Николай Иванович Лопухин, тезка моего мужа, во всем остальном был полной ему противоположностью. В нем никогда не было ни начальственной строгости, ни большевистской узости мышления, при которой каждый инакомыслящий кажется врагом, ни легкого позерства, коим грешил в последние годы Николай. Веселого, смешливого и влюбленного в жизнь и в свою медицину Аниного отца даже многочисленные бедствия на тернистом жизненном пути не смогли превратить в нытика и пессимиста. Однако в эти последние, страшные для меня дни, живя у Лопухиных и непрерывно думая об Асе, которую я почти не видела, я впервые заметила горькую складку, намертво приклеившуюся ко лбу радушного моего хозяина, неожиданные вспышки молчаливости и грусти в его поведении и усталость, сильно заметную в старческих, чуть выцветших глазах. Он тоже, наверное, с трудом распрощался с иллюзиями по поводу милосердия русской революции и тех перемен, которые несла она людям.

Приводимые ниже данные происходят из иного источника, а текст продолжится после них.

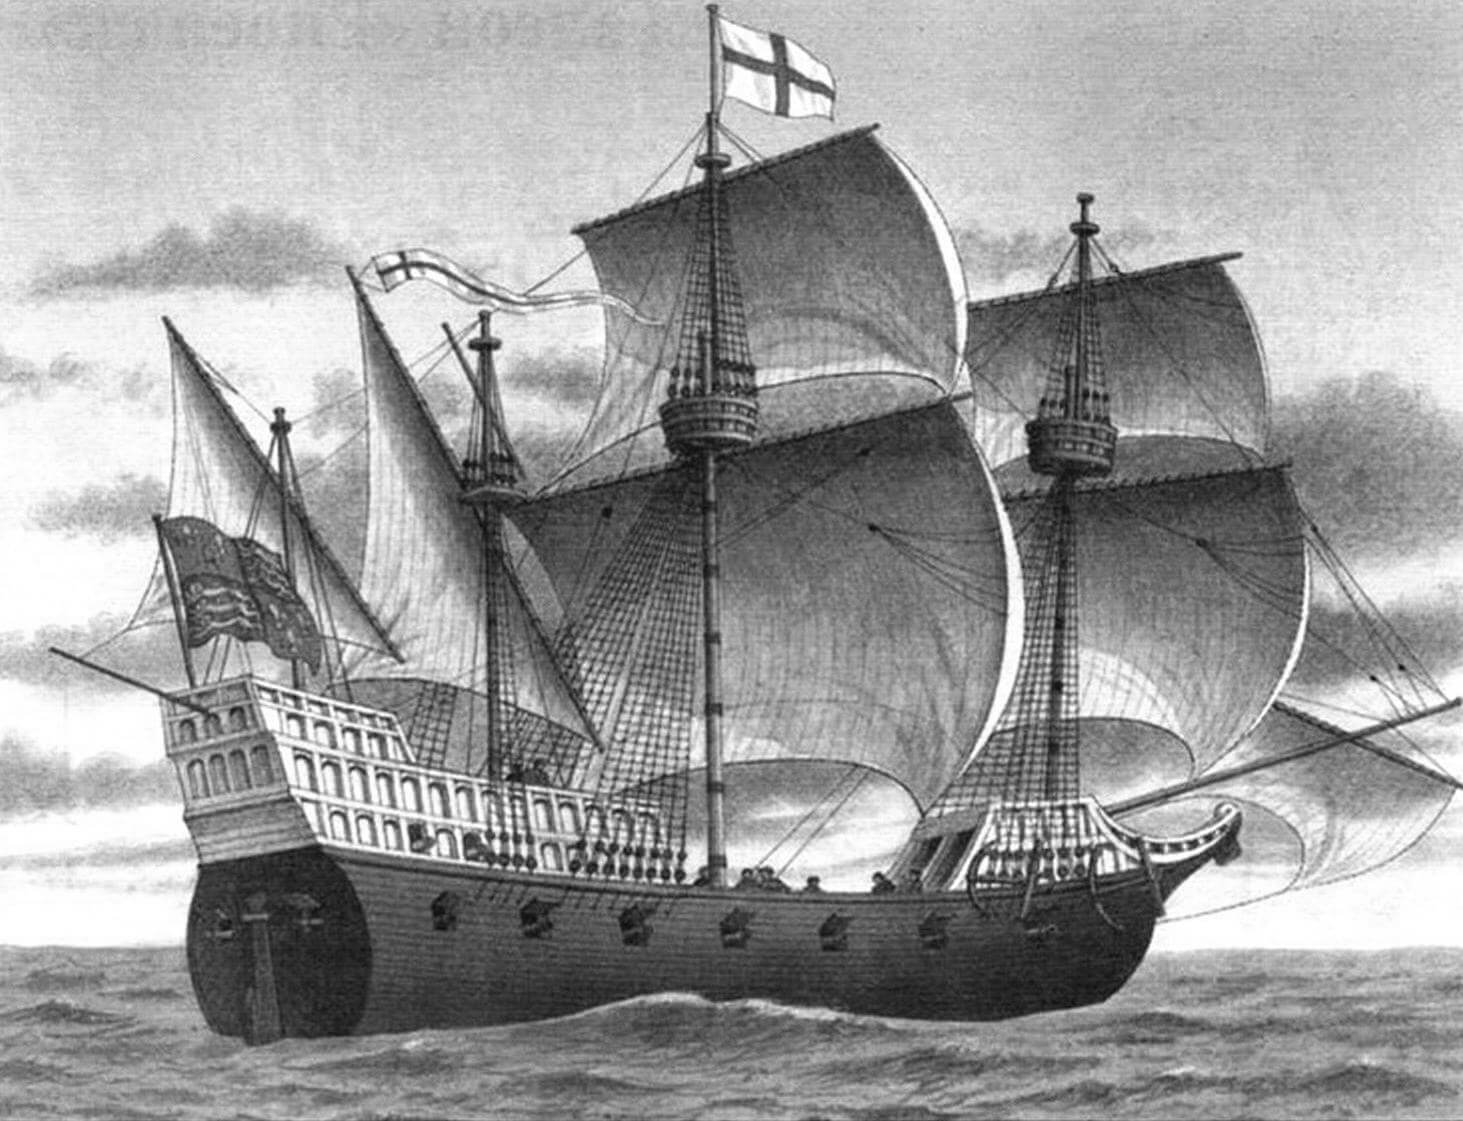 47-пушечный галеон Королевского флота «Элизабет Бонавенчур» (Elizabeth Bonaventure) - флагманский корабль сэра Френсиса Дрейка во время экспедиции 1585- 1586 годов и атаки Кадиса в 1587 году

Ни он, ни Анна, ставшая его помощницей в больнице и сумевшая скрыть от властей свою причастность к расстрелянному Петру Волошину, не утешали меня ненужными словами. Мучаясь тем, что с момента отправления злополучного письма из Парижа прошло уже три года, ничего не зная о матери — да жива ли она вообще? ждет ли меня по-прежнему? не напрасно ли я затеяла все это? — я то и дело сомневалась в своем решении, тосковала о дочери и плакала, плакала, плакала… Николай Иванович, поглаживая в такие минуты мою руку, только молча вздыхал. А Анна, так и не сумевшая избавиться от своей трагической привычки смотреть «сквозь» собеседника, появившейся у нее в страшные дни ее жизни, строго говорила:
— Ты все делаешь правильно, Наташа. Ася вырастет и поймет тебя. А мать стара, и ты — последняя ее надежда, последнее утешение. Помоги ей умереть счастливой. Не дай прерваться тоненькой ниточке, которая когда-то сделала тебя Соколовской, а много лет спустя заставила тебя дать твоему ребенку именно эту фамилию…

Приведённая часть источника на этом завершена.